Electronic Lab Notebook Week 13 11/24/2013
- Met with Dahlquist during office hours.
 - Created new excel spread sheet file with all of the raw data imported into one sheet named "dChip_2_signal1".
 - Created new sheet and copy/pasted all of the raw data into the sheet and named it "edited_raw_data".

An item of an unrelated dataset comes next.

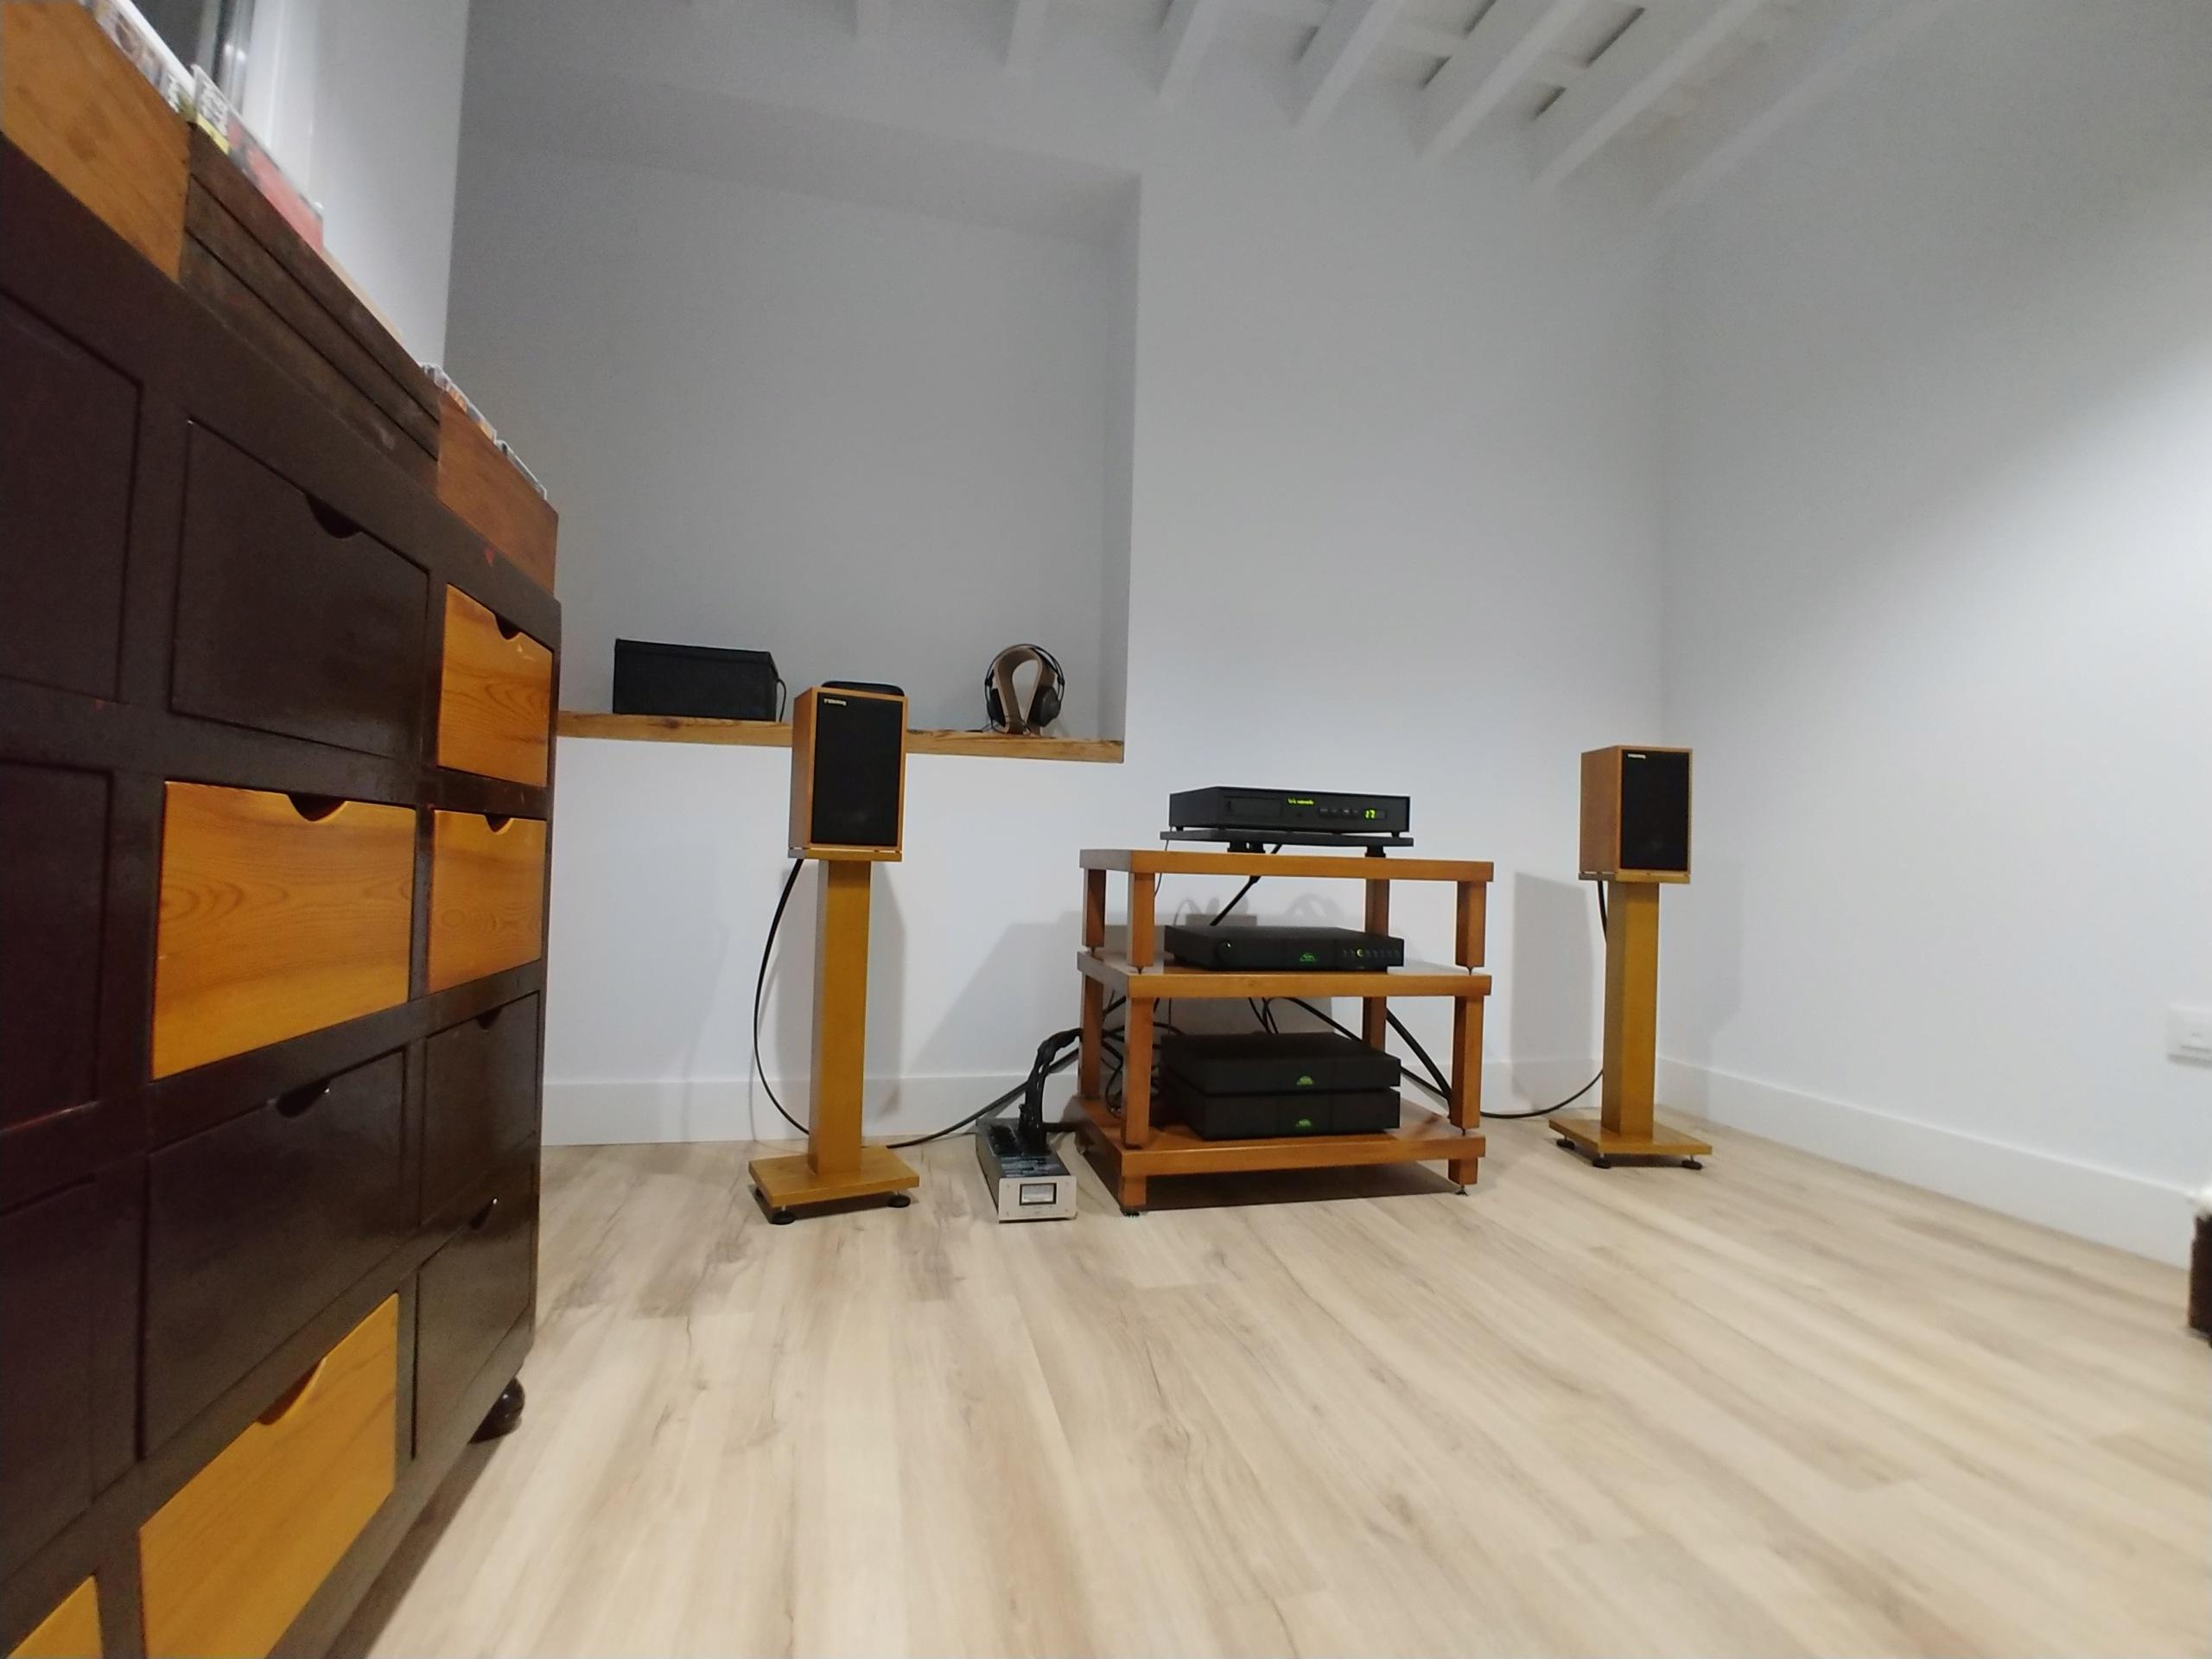 Nueva sala de Koko61 20190717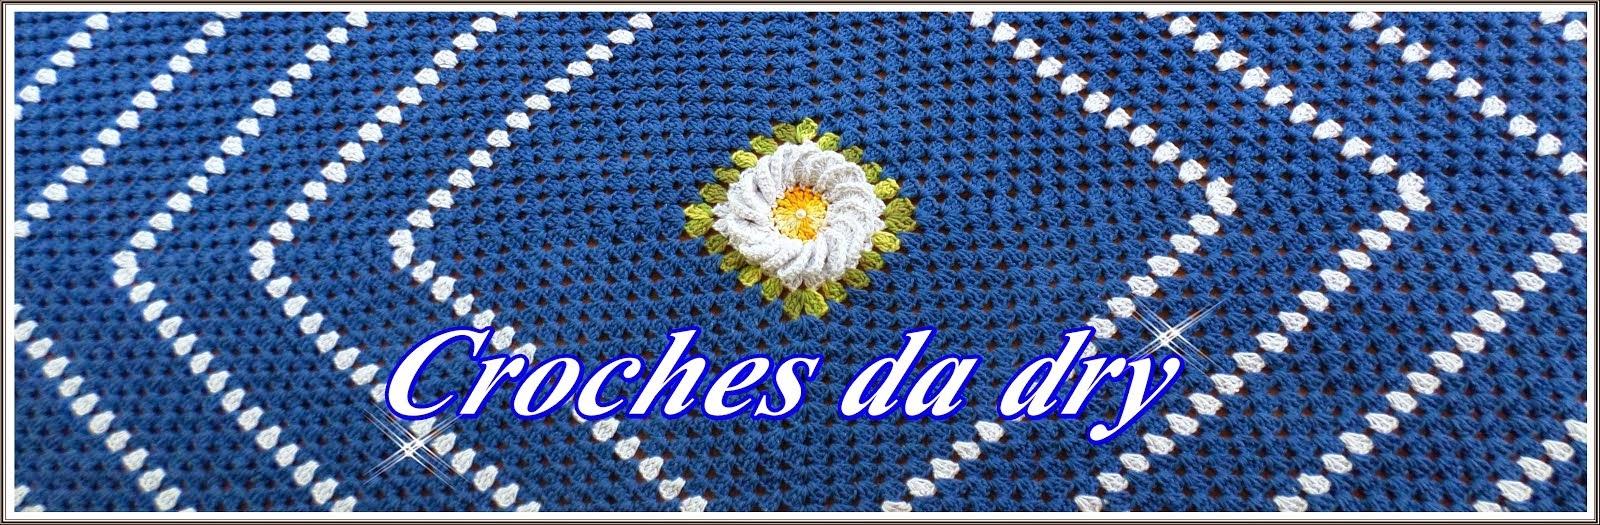 Croches da dry

 - Deleted all columns containing the P/A sequences as well as all the repeat "SE (standard error)" columns.
 - Consulted sdrf file in order to find the EB/RB columns that did not contain rifampicin.
 - Created new sheet titled "EB-to-RB".
 - Copied all of the probe set data into column A.
 - Copied all of the columns not containing rifampicin into columns B-G.
- EB was B-C. RB was D-G.
 
 - Named column H "AverageEB" -- Found average of EB.
 - Named column I "AverageRB" -- Found average of RB.
 - Named column J "EB-to-RB" -- Took average of EB/Average of RB.
 - Named column K "LogFC_EB-to-RB" -- Took log of EB to RB (column J).
- Formula: [=LOG(J2,2)]
 
 - Named column L "P value".
- Ran ttest.
 
 - Created new sheet named "EB-to-RB_Rifampicin".
 - Repeated process with the columns containing rifampicin.